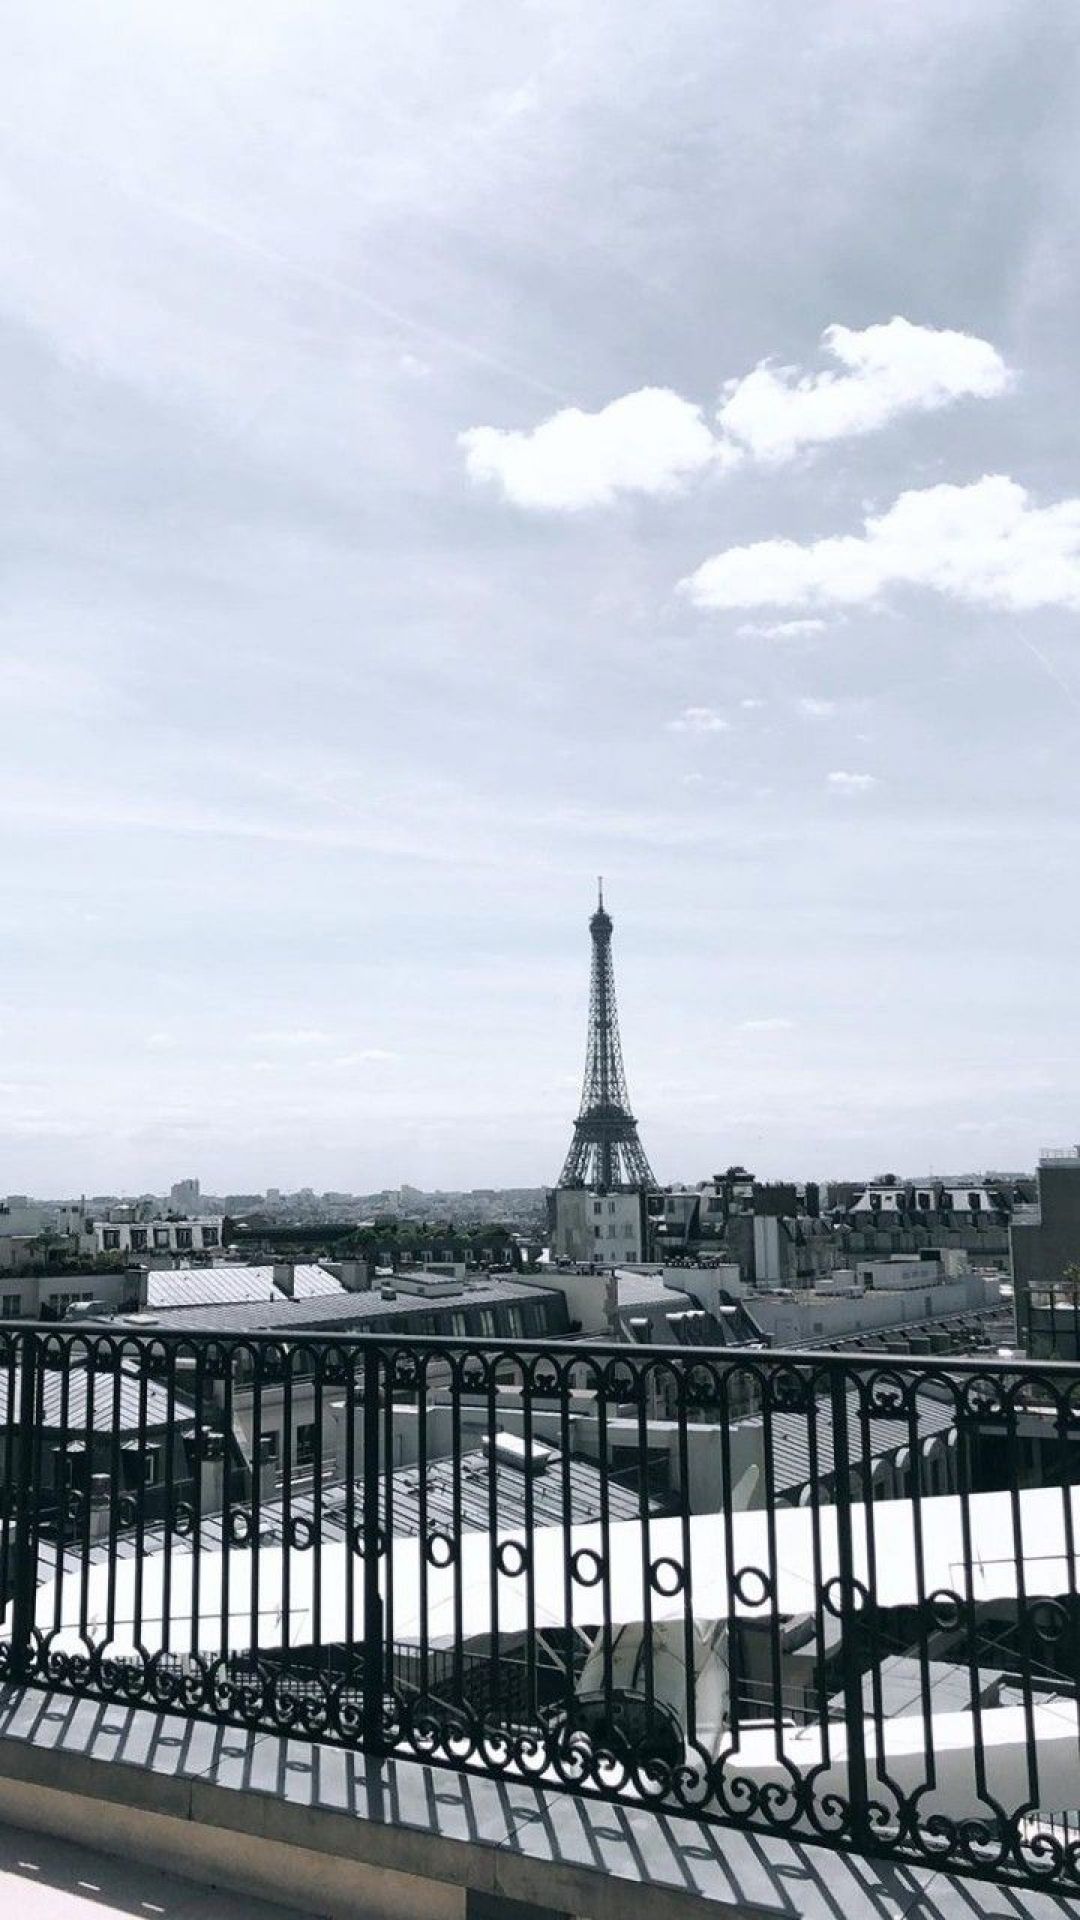 wallpaper #tumblr #aesthetics #grey #paris #eiffel tower / iPhone HD Wallpaper Background Download HD Wallpaper (Desktop Background / Android / iPhone) (1080p, 4k) (1080x1920) (2021)
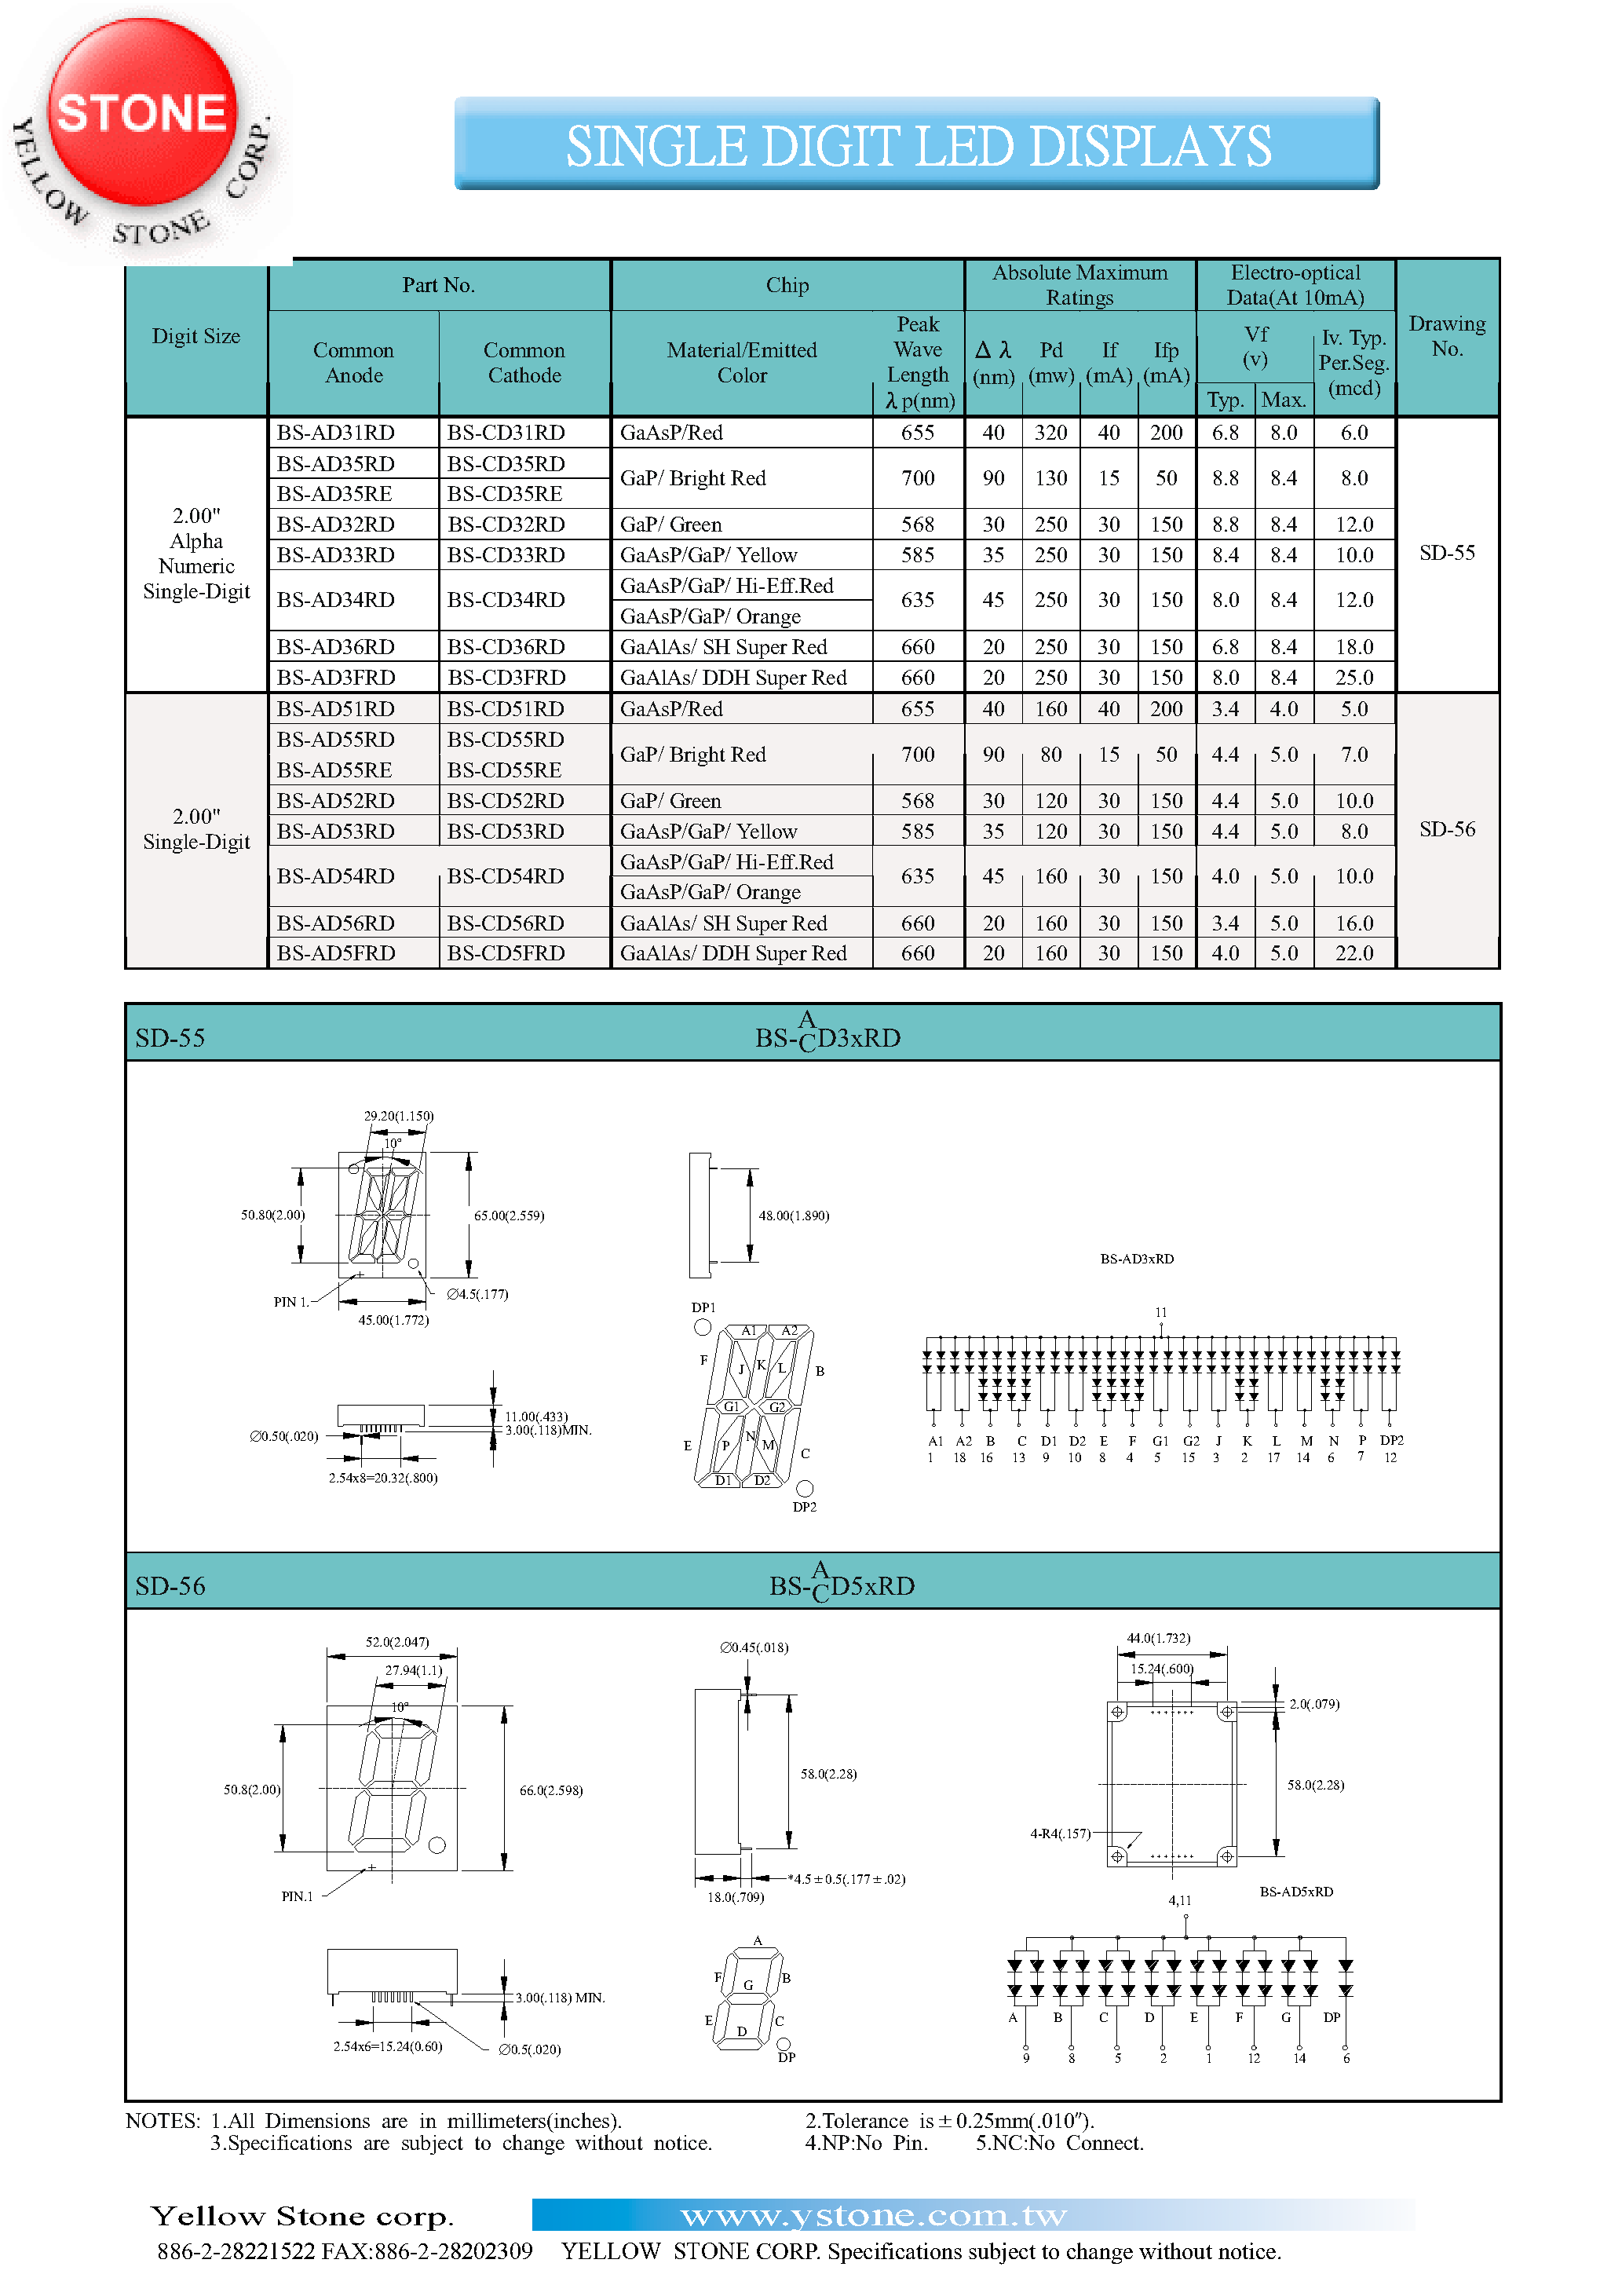 Datasheet BS-AD36RD - SINGLE DIGIT LED DISPLAYS page 1
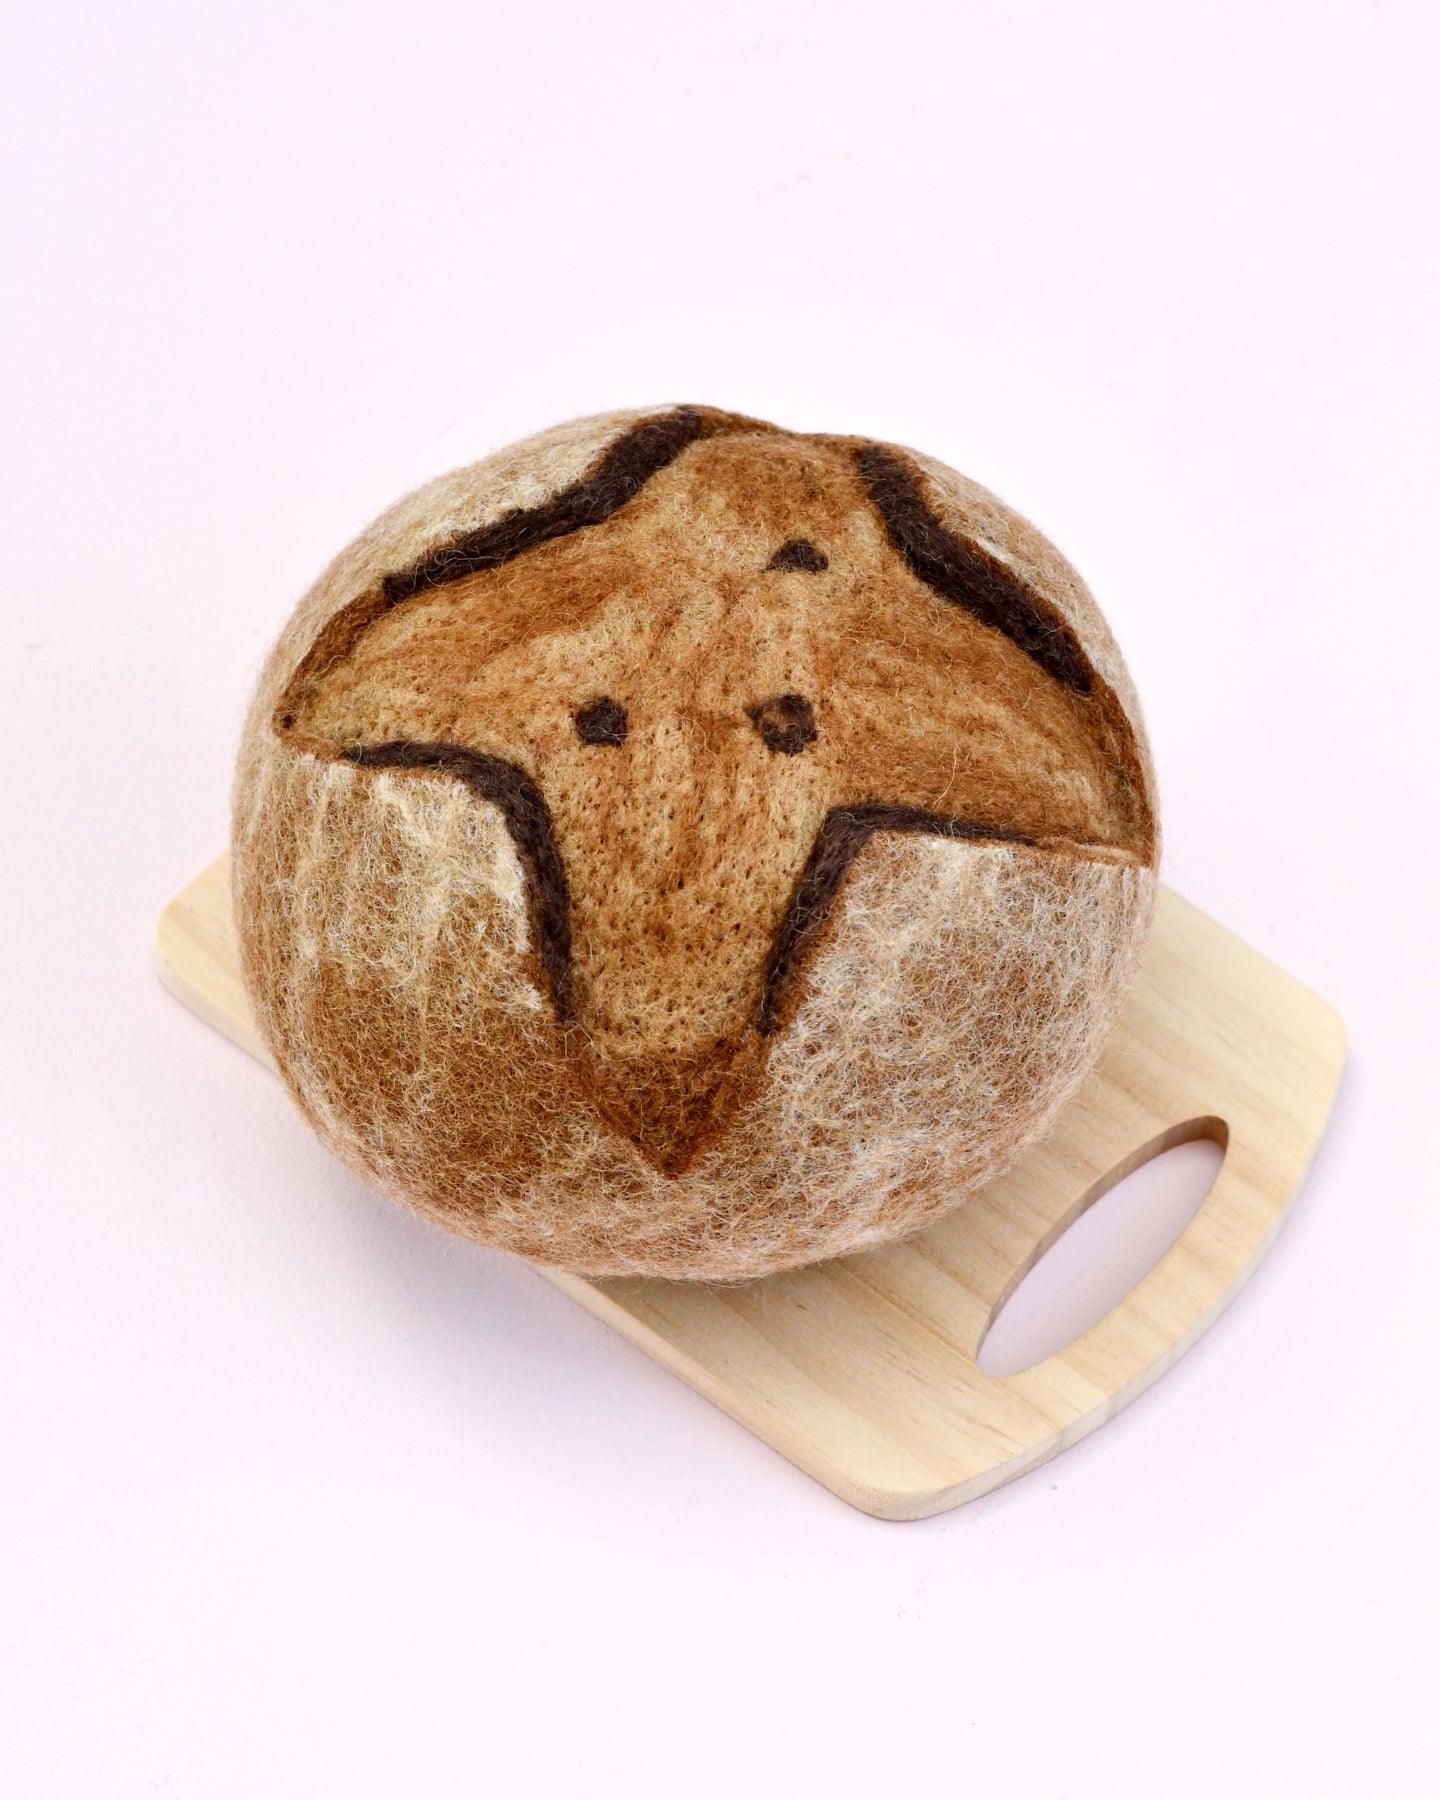 Felt Sourdough Bread - Tara Treasures

- **Your task**:
The whole listing above is to be printed exactly; the pictures stay out.

- **Answer**:
 wallpaper #tumblr #aesthetics #grey #paris #eiffel tower / iPhone HD Wallpaper Background Download HD Wallpaper (Desktop Background / Android / iPhone) (1080p, 4k) (1080x1920) (2021)
 Datasheet BS-AD36RD - SINGLE DIGIT LED DISPLAYS page 1
 Felt Sourdough Bread - Tara Treasures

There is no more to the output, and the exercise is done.